Triestino di nascita il primo, immigrato il secondo, entrambi respirarono nell’atmosfera triestina un balsamo sanifico per le loro anime ferite; per Svevo fu una cura tardiva, fu in grado di recepirla soltanto nella tanto decantata “senilità”, quando ormai le aspirazioni letterarie frustrate l’avevano reso un borghese come gli altri, dedito ai commerci nell’azienda di famiglia (quella di sua moglie Livia Veneziani), costringendolo a reprimere il suo talento letterario nascosto, che forse nemmeno sarebbe venuto alla luce se James Joyce non avesse creduto in lui, presentando La coscienza di Zeno a dei suoi amici critici francesi, i quali lo trasformarono in un caso letterario, regalando a Svevo un po’ di quel successo tardivo che gli alleviò le pene della vecchiaia e lo condusse per mano alla morte, accompagnandolo negli ultimi tre anni della sua vita.
Joyce invece arrivò a Trieste giovane di belle speranze. Auto-esiliatosi dall’Irlanda, terra patria allo stesso tempo amata e odiata perché avvertita come repressiva – Joyce fu sempre molto critico nei confronti della società irlandese, così come Svevo lo fu nei confronti della borghesia triestina, caratteristica questa che li accomuna entrambi al drammaturgo H. Ibsen, critico per eccellenza delle neglette aspirazioni della nascente borghesia cittadina, mediocre, avara e ossessionata dall’esigenza di apparire – Joyce giunse a Trieste poco più che ventenne. Qui, nella città frustrata dai venti e carezzata dalle onde, ritrovò quella pace interiore che gli permise di dare alla luce l’Ulisse.
Joyce amava profondamente Trieste, in una maniera pura e scevra di stridori, come si può amare soltanto una patria elettiva. La sua affezione è priva di quei contrasti che invece caratterizzano l’attaccamento di Italo Svevo alla sua città natale; eppure, è proprio l’amore condiviso per una terra sentita, seppure in maniere differenti, come patria, a unire i due uomini – prima ancora che i due scrittori – in un rapporto che sarà altamente prolifico per la loro carriera letteraria.
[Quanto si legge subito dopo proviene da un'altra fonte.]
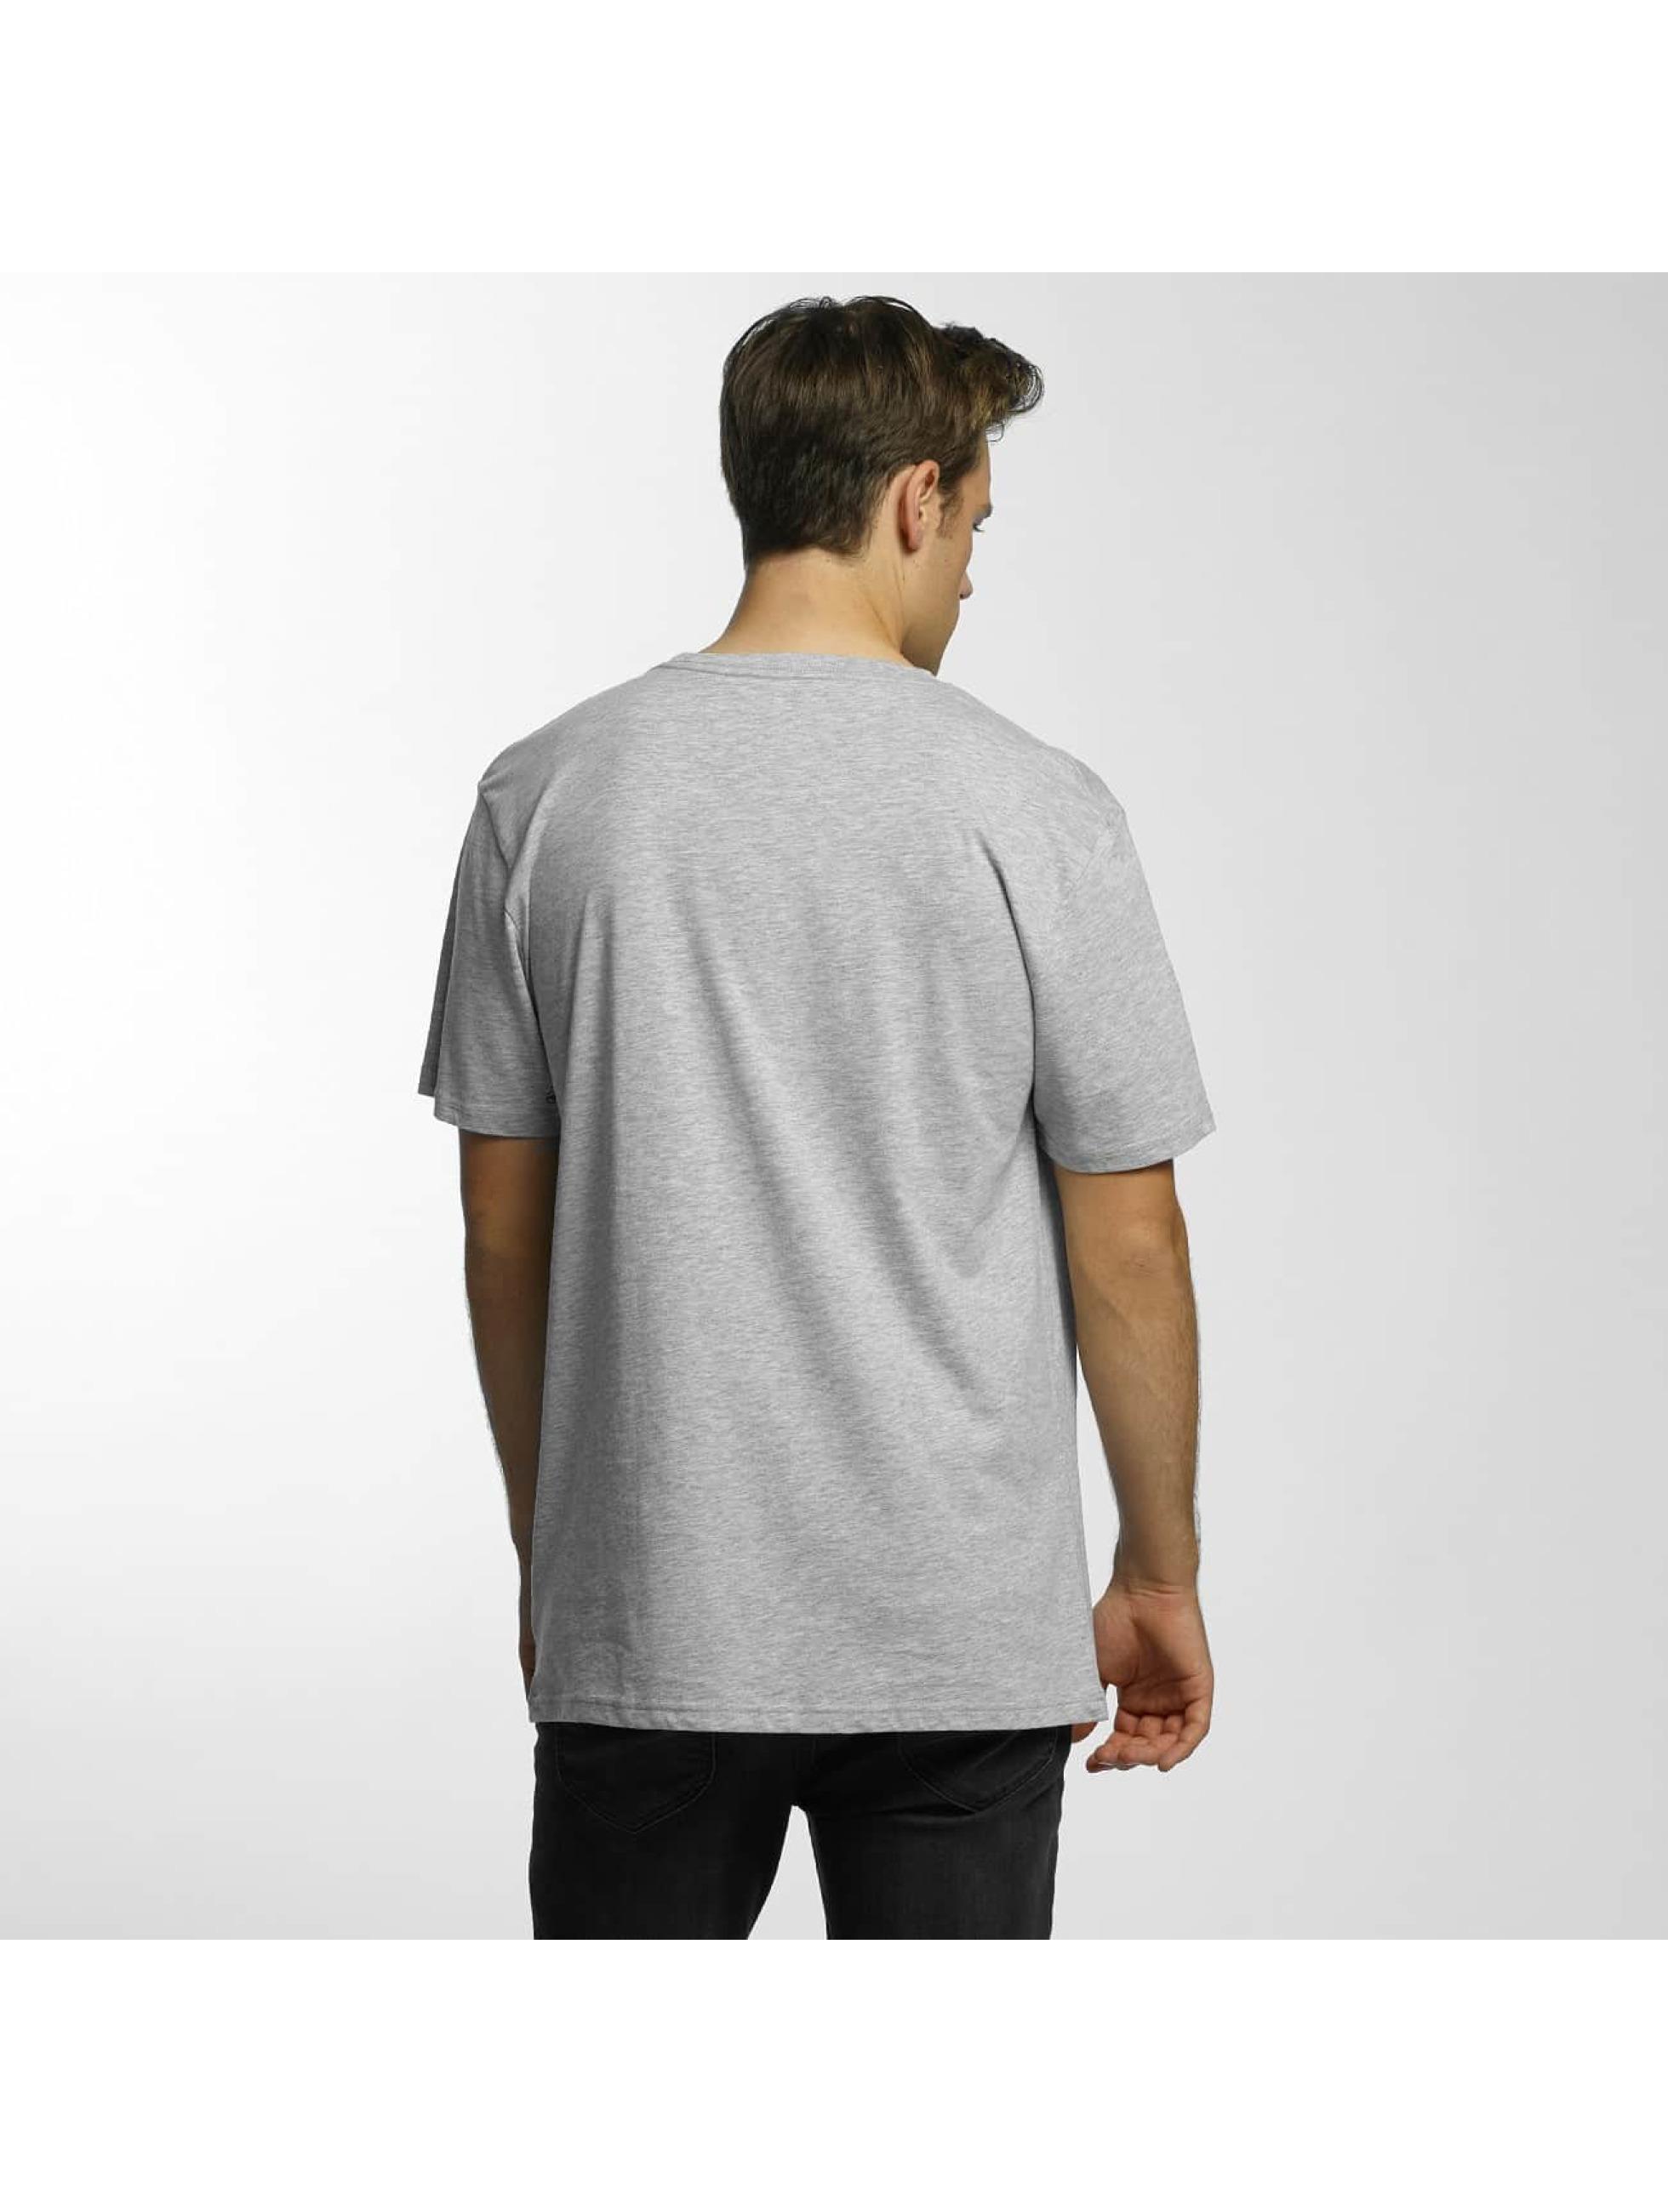 Volcom T-paidat Burnt Basic harmaa

Svevo contattò James Joyce perché gli insegnasse l’inglese: ne aveva bisogno per curare gli affari esteri della sua azienda, e probabilmente per evadere dalla quotidianità della sua realtà di vita; Joyce, dal canto suo, l’irlandese schivo e baldanzoso insieme, aveva bisogno di sentirsi inserito in un mondo che, nonostante tutto, non gli apparteneva. Si conobbero, e Joyce amò la grazia remissiva di quell’uomo che appariva coartato in una vita che non era la sua, che gli calzava stretta e lo rendeva nevrotico; nella sua passione segreta per la scrittura colse il germe di un talento non realizzato, che si impegnò, con la sua freschezza da giovane artista deciso e spudorato, a tirare fuori. Gli diede il coraggio che gli mancava. D’altro canto, Svevo esercitò su Joyce il fascino di un maestro decadente, cui ispirarsi per conferire maggiore profondità emotiva alla sua scrittura.
Erano gli anni dei fermenti psicoanalitici: entrambi furono affascinati dalle scoperte freudiane. Svevo tentò addirittura di intraprendere l’analisi con S. Freud, ma senza successo. Alla fine si convinse del fatto che l’opera freudiana avesse maggior ascendente sull’ispirazione letteraria che come cura per le nevrosi. Joyce, seppur – come avrebbe detto Freud – inconsciamente, fece sua la teoria di colui che considerava un mentore, e provò per primo ad applicare il metodo delle libere associazioni alla scrittura, dando vita alla tecnica letteraria del flusso di coscienza.
L’Ulisse e La coscienza di Zeno appaiono così legati da due filamenti sottili, che si annodano stretti nel cuore di Trieste, passando per le anime di due uomini che la vissero e l’amarono. Trieste generosa, a due uomini ha fatto l’impareggiabile dono dell’amicizia; a tutti noi altri ha regalato, per tramite di quegli uomini e del loro legame, due indimenticabili capolavori letterari.